*DATASET EXCERPT*.
---*---
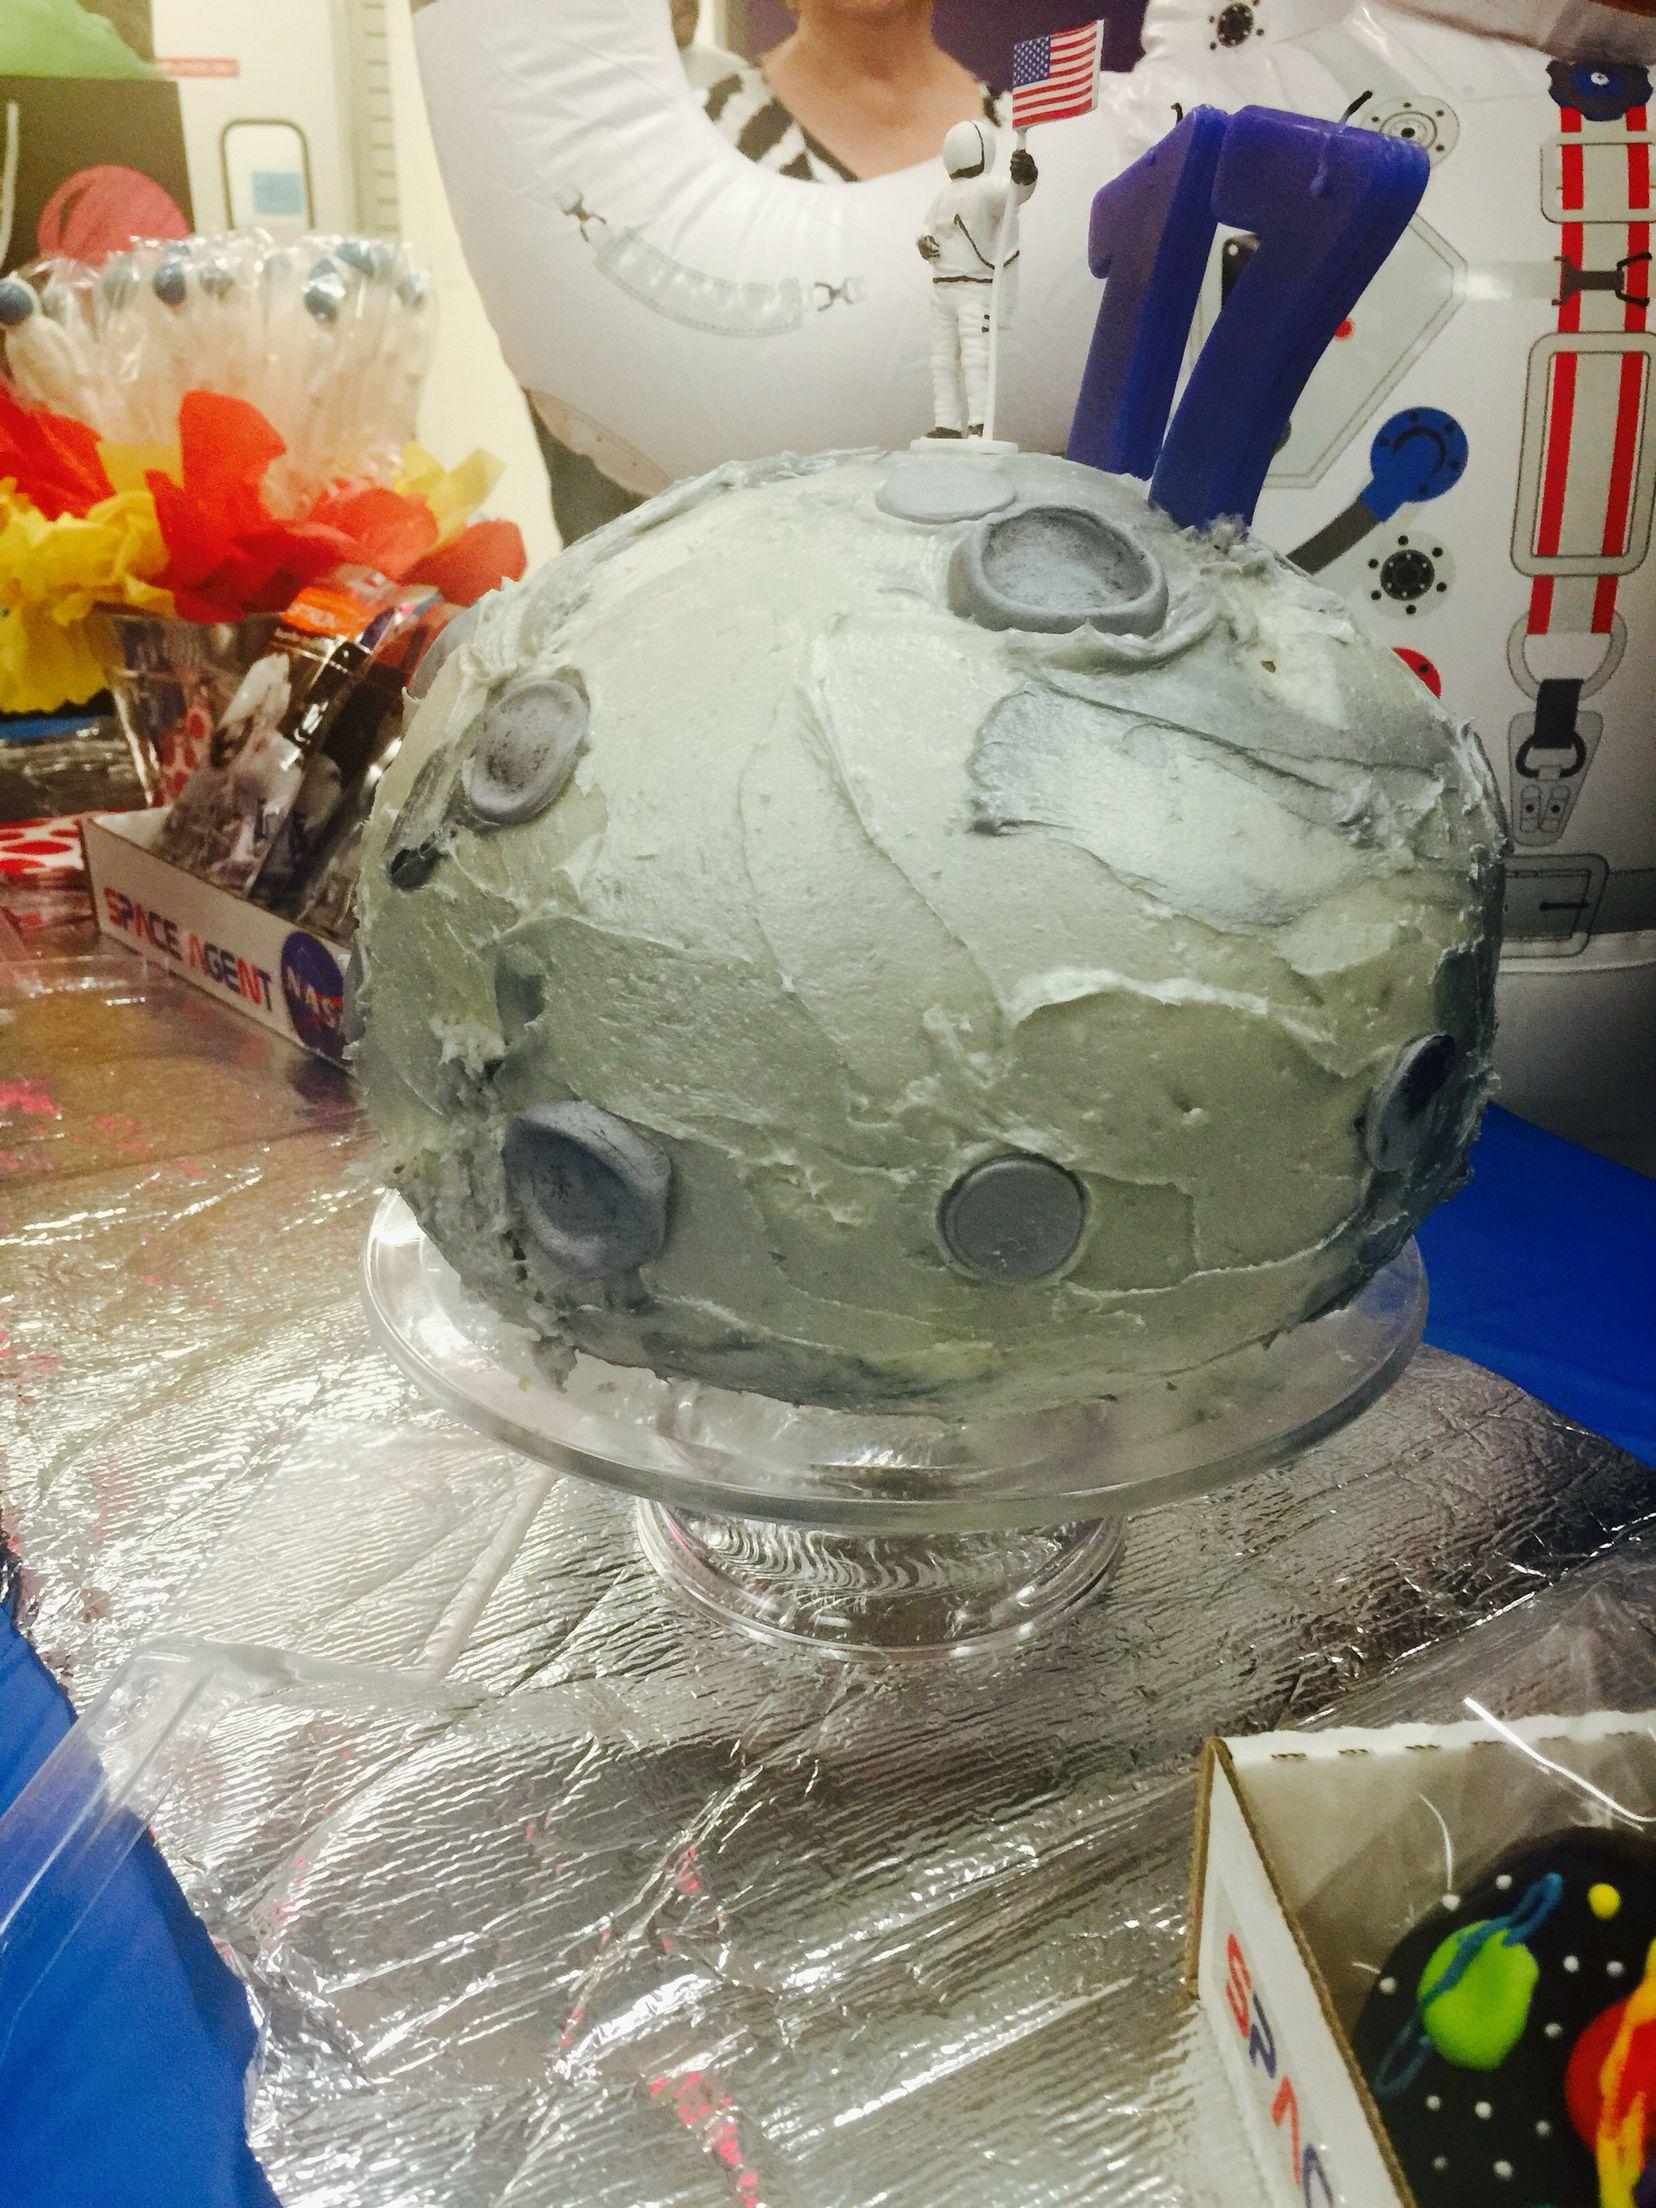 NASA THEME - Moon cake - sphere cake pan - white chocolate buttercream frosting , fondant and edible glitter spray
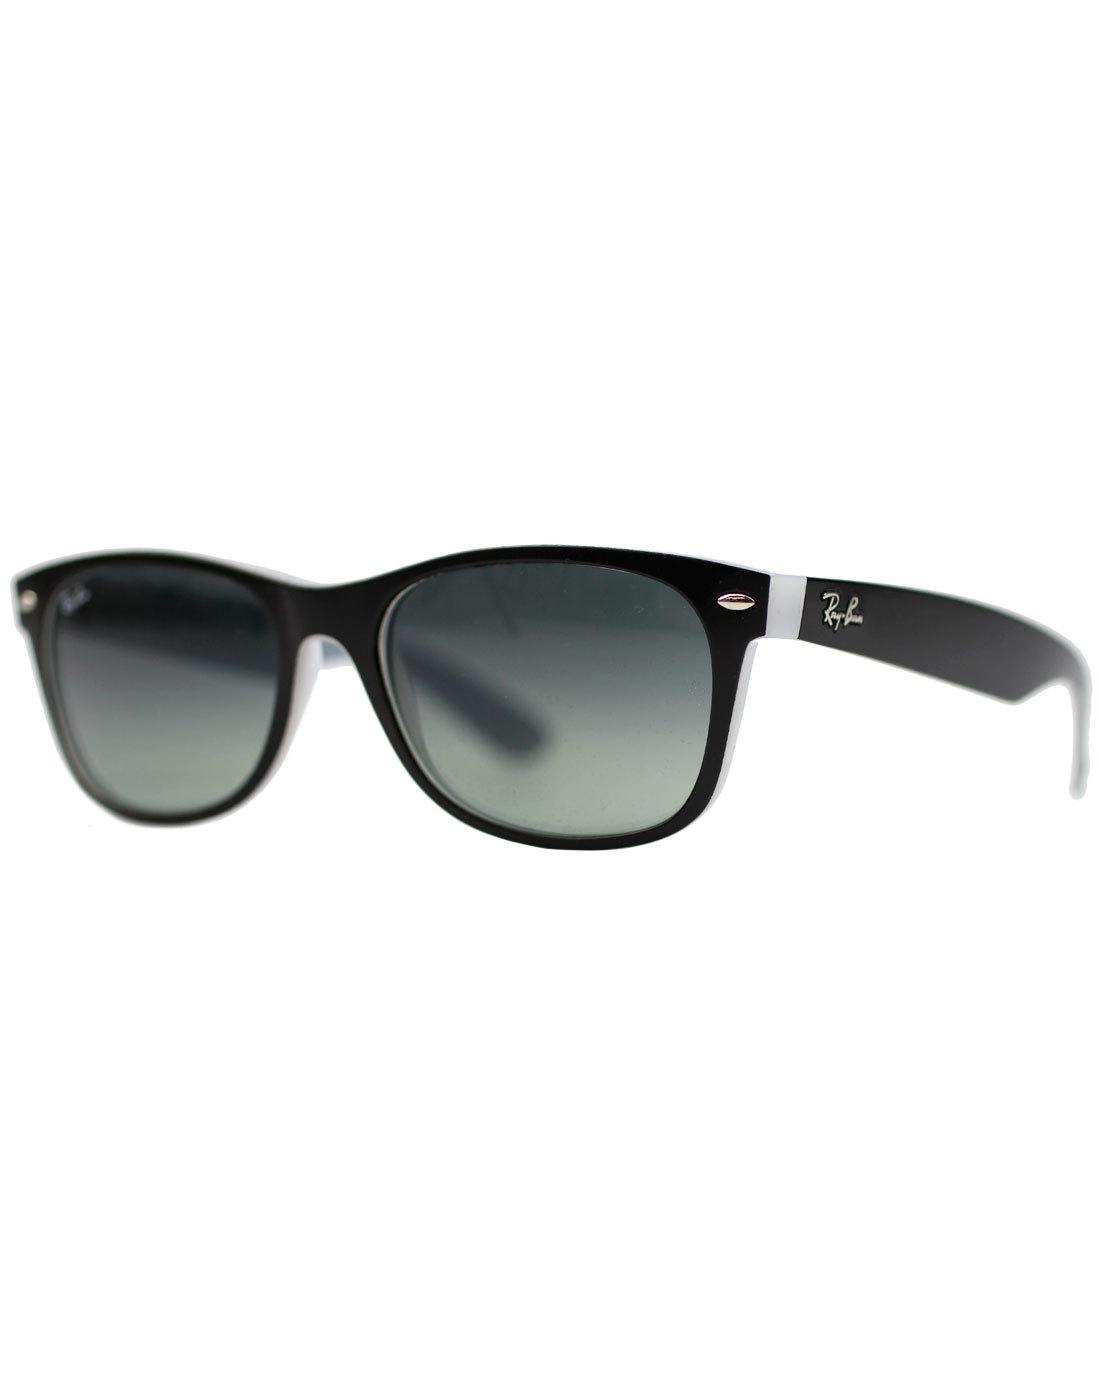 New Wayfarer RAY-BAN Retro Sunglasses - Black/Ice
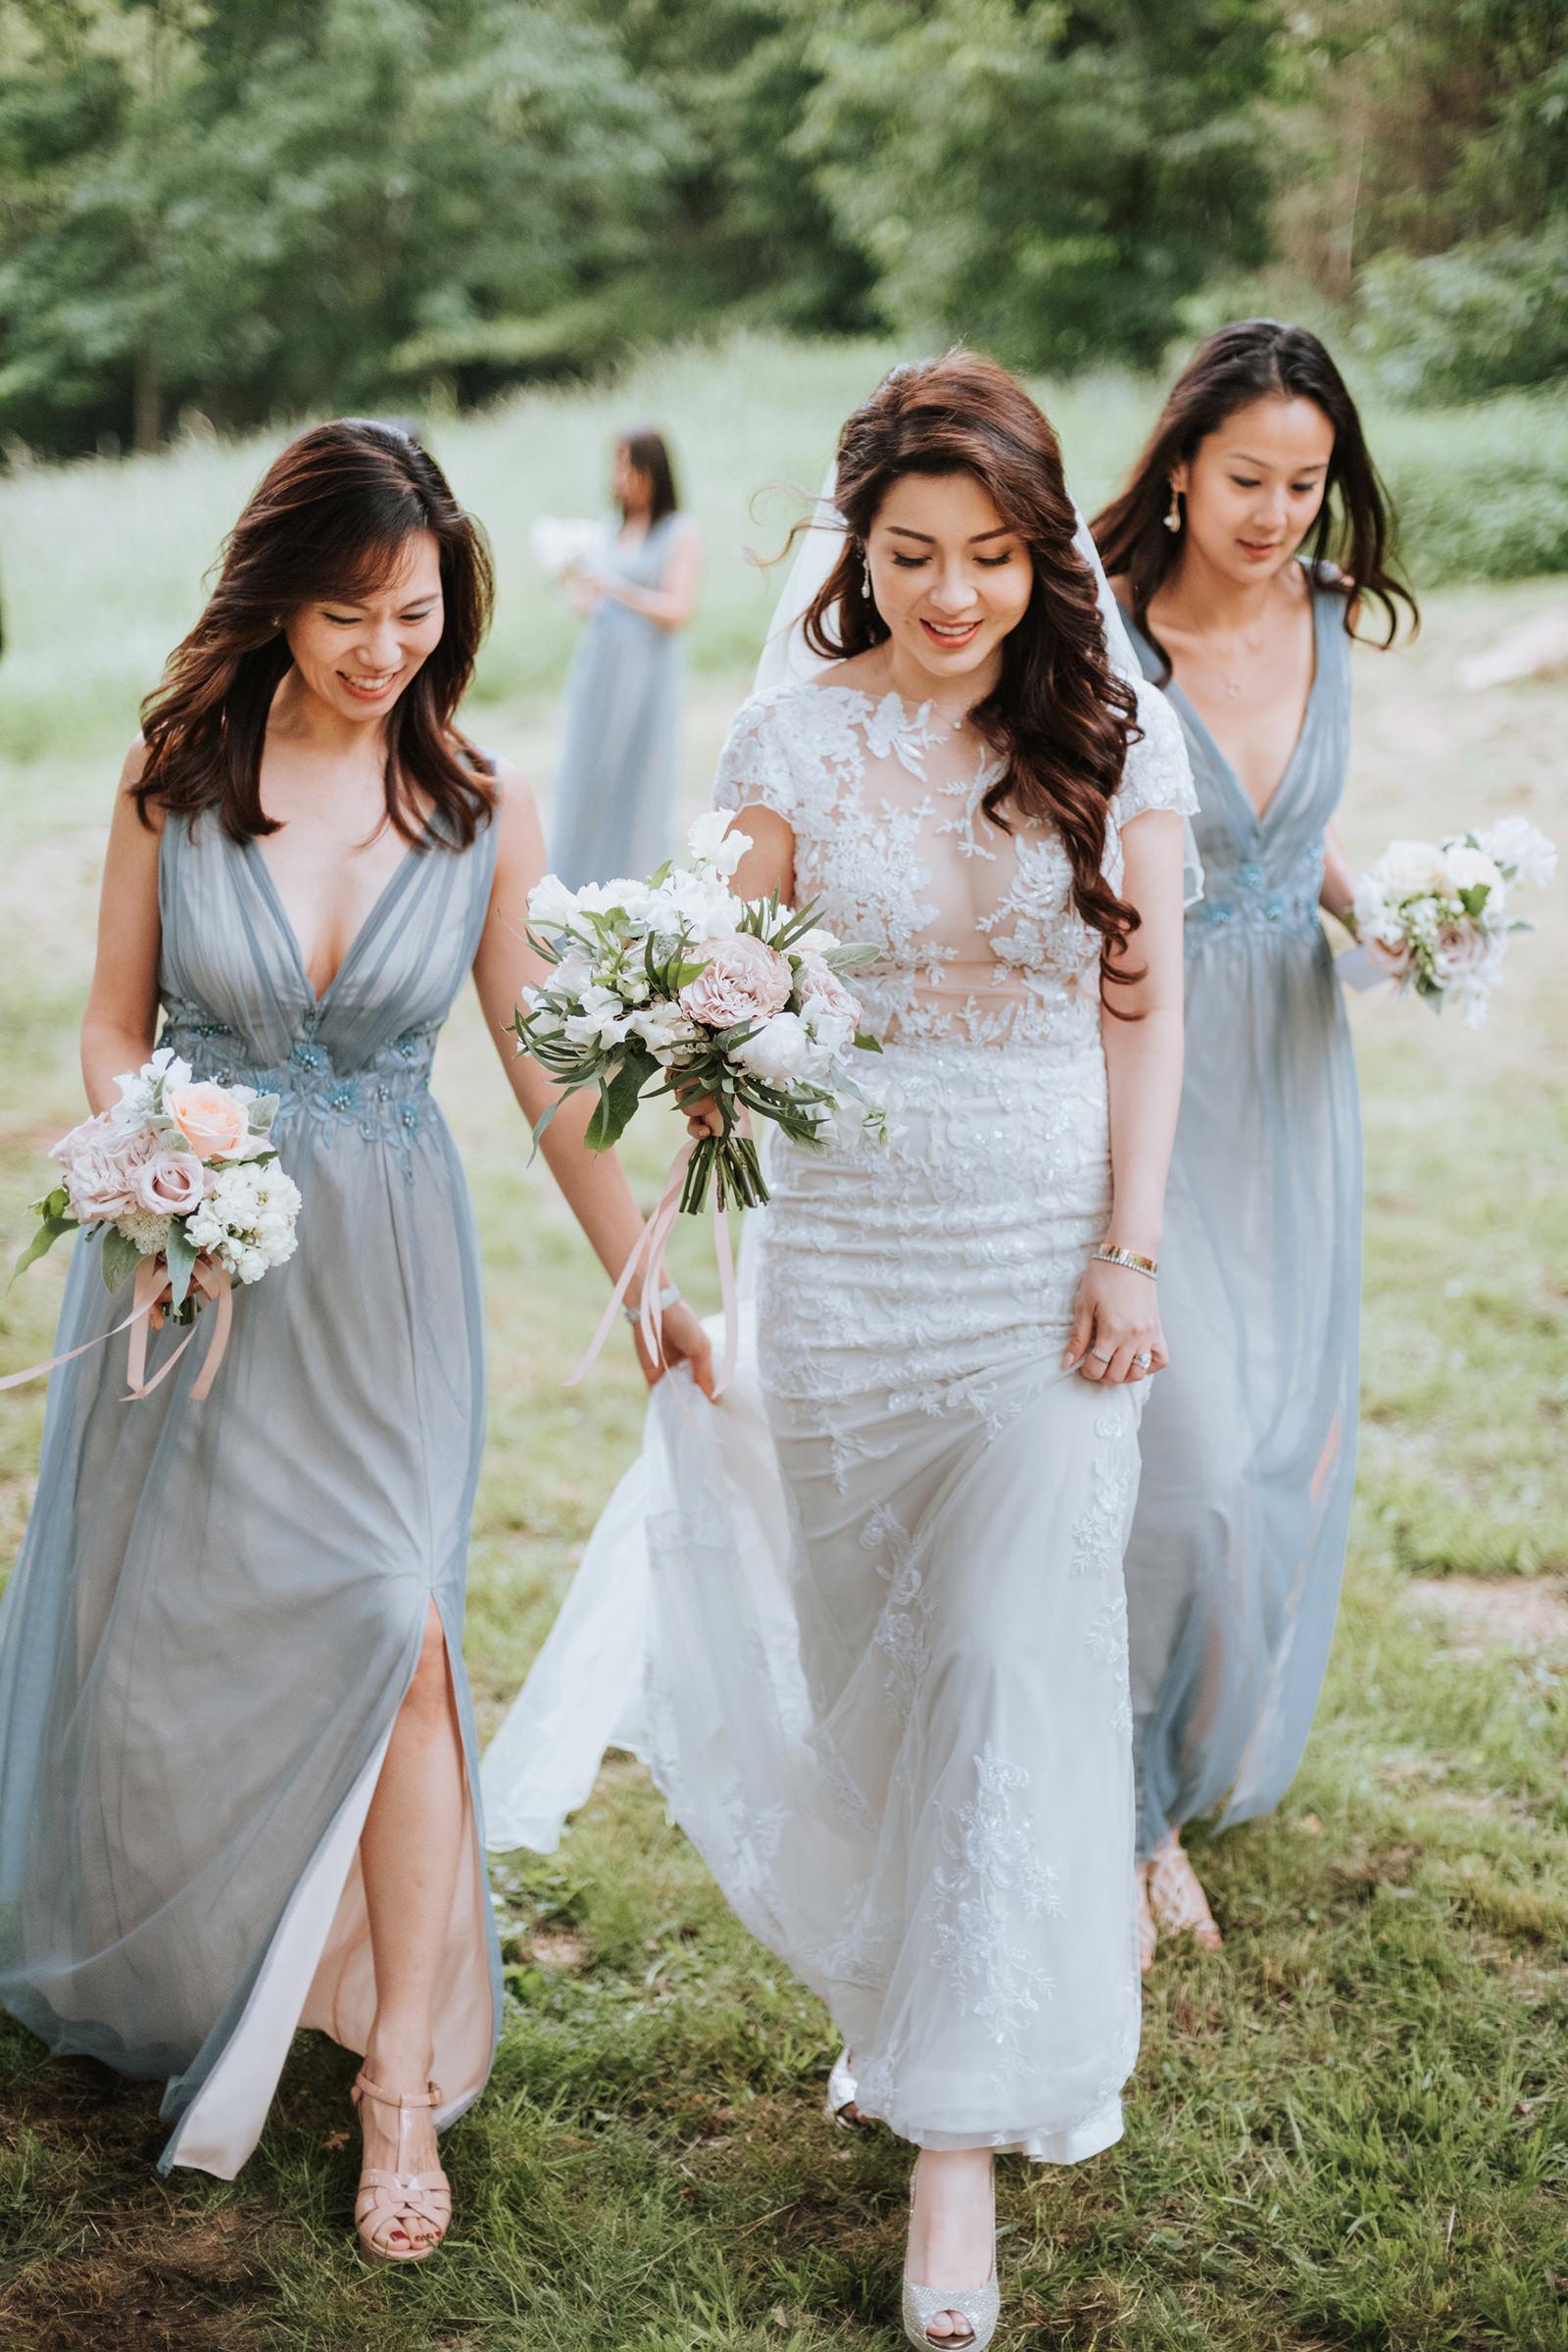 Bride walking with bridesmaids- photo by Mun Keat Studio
---*---
The entire listing above is to be copied exactly, with all pictures omitted.

 NASA THEME - Moon cake - sphere cake pan - white chocolate buttercream frosting , fondant and edible glitter spray
 New Wayfarer RAY-BAN Retro Sunglasses - Black/Ice
 Bride walking with bridesmaids- photo by Mun Keat Studio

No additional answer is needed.